I know, I know, this is a “fable.” The artifice is part of the point, but the story being told – essentially what it would be like to discover patriarchy without socialization into it, is super interesting, and I would have liked to have felt closer. (Writing that out I’m realizing, that’s also basically the plot of Barbie, which I found much more fun.)

My main disconnect comes from the fact that the first half of this movie equates the act of sex with liberation in a way I found frankly kind of boring. Once Stone’s Bella discovers philosophy the whole thing got much more interesting. Although, I didn’t like the animal hybrid body horror stuff (personal ick), I did appreciate the steampunk production design.

The Color Purple

I’ve read this book, seen the 1985 film and the Broadway revival of the musical. So, I’ve obviously long found this story compelling and worthy of interpretation, but I’m not sure I needed this film version. There’s great performances, especially Danielle Brooks (who I saw on stage in the same role) and Taraji P. Henson (who should be cast in many more musicals). The choreography is really fun, and I like when a film musical leans into its theatricality like this.

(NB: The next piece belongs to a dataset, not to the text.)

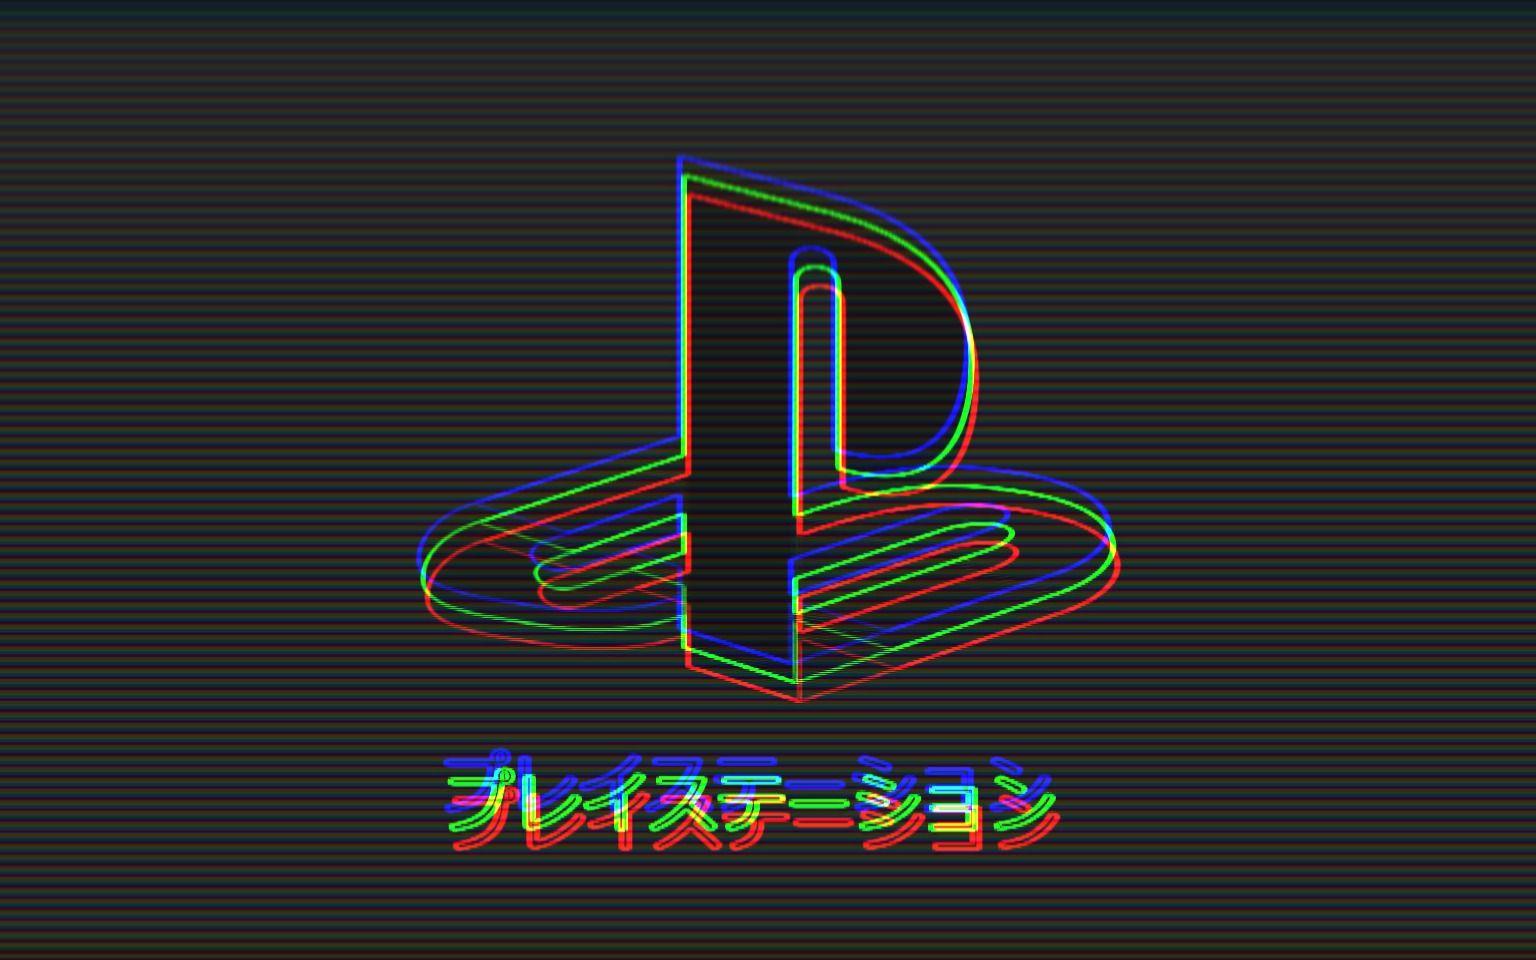 PlayStation. Glitch art, Playstation logo

But there was a strange glowiness of the tone which, considering the weight of the subject matter, felt oddly trite. Also, and I don’t know if this was a glitch at my particular screening, but the sound mixing was atrocious, the vocals were too quiet compared to the music, especially the percussion, and this score is built to showcase women belting! I felt robbed.

Bottoms

Let me start by saying, I’m glad this movie exists, and I think we should make more true comedies (and I loved the old-school touch of having bloopers in the credits). But, this was pretty not-for-me. Every member of the cast was charming and some moments made me laugh out loud. (Put Marshawn Lynch in more comedies! That’s a sentence I never thought I’d write, but I stand by.) But, something about the tone missed me. (See above thoughts on “raunch.”) And the shole fight club angle meant there was more blood and punching than I care to see played for laughs. Wholly aware this is a me issue.

Ayo Edebiri should still be cast in anything she wants to be forever.